PROVIDED MATERIAL:

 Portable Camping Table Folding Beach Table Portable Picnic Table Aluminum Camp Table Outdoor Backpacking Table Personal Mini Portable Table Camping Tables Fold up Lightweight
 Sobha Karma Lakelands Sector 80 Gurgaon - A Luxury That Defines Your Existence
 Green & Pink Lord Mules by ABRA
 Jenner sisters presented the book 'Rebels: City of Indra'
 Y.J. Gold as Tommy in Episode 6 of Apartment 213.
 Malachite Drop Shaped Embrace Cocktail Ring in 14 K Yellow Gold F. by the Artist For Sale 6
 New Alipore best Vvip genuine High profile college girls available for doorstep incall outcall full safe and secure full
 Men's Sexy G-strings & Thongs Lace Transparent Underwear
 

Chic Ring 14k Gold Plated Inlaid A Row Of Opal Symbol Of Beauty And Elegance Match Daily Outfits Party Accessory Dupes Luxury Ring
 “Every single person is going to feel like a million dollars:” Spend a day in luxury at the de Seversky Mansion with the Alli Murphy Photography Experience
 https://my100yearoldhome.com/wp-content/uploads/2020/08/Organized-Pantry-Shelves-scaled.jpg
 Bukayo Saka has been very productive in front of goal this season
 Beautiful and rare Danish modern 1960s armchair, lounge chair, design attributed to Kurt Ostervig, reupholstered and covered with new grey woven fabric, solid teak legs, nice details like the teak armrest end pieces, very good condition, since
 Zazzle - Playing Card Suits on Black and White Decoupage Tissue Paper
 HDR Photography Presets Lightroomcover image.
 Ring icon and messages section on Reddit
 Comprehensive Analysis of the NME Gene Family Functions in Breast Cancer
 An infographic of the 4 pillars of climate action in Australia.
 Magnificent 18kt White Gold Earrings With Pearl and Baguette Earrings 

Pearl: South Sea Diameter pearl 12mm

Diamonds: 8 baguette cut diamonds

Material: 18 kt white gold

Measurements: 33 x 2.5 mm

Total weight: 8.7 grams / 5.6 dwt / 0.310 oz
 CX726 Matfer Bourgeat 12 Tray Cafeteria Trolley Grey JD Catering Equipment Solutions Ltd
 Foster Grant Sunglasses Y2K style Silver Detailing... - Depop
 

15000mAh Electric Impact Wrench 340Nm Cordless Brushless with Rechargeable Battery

INSTRUCTIONS FOR THE TASK:
Return the data in full, exactly as it appears above.

THE COMPLETED TASK:
 Portable Camping Table Folding Beach Table Portable Picnic Table Aluminum Camp Table Outdoor Backpacking Table Personal Mini Portable Table Camping Tables Fold up Lightweight
 Sobha Karma Lakelands Sector 80 Gurgaon - A Luxury That Defines Your Existence
 Green & Pink Lord Mules by ABRA
 Jenner sisters presented the book 'Rebels: City of Indra'
 Y.J. Gold as Tommy in Episode 6 of Apartment 213.
 Malachite Drop Shaped Embrace Cocktail Ring in 14 K Yellow Gold F. by the Artist For Sale 6
 New Alipore best Vvip genuine High profile college girls available for doorstep incall outcall full safe and secure full
 Men's Sexy G-strings & Thongs Lace Transparent Underwear
 

Chic Ring 14k Gold Plated Inlaid A Row Of Opal Symbol Of Beauty And Elegance Match Daily Outfits Party Accessory Dupes Luxury Ring
 “Every single person is going to feel like a million dollars:” Spend a day in luxury at the de Seversky Mansion with the Alli Murphy Photography Experience
 https://my100yearoldhome.com/wp-content/uploads/2020/08/Organized-Pantry-Shelves-scaled.jpg
 Bukayo Saka has been very productive in front of goal this season
 Beautiful and rare Danish modern 1960s armchair, lounge chair, design attributed to Kurt Ostervig, reupholstered and covered with new grey woven fabric, solid teak legs, nice details like the teak armrest end pieces, very good condition, since
 Zazzle - Playing Card Suits on Black and White Decoupage Tissue Paper
 HDR Photography Presets Lightroomcover image.
 Ring icon and messages section on Reddit
 Comprehensive Analysis of the NME Gene Family Functions in Breast Cancer
 An infographic of the 4 pillars of climate action in Australia.
 Magnificent 18kt White Gold Earrings With Pearl and Baguette Earrings 

Pearl: South Sea Diameter pearl 12mm

Diamonds: 8 baguette cut diamonds

Material: 18 kt white gold

Measurements: 33 x 2.5 mm

Total weight: 8.7 grams / 5.6 dwt / 0.310 oz
 CX726 Matfer Bourgeat 12 Tray Cafeteria Trolley Grey JD Catering Equipment Solutions Ltd
 Foster Grant Sunglasses Y2K style Silver Detailing... - Depop
 

15000mAh Electric Impact Wrench 340Nm Cordless Brushless with Rechargeable Battery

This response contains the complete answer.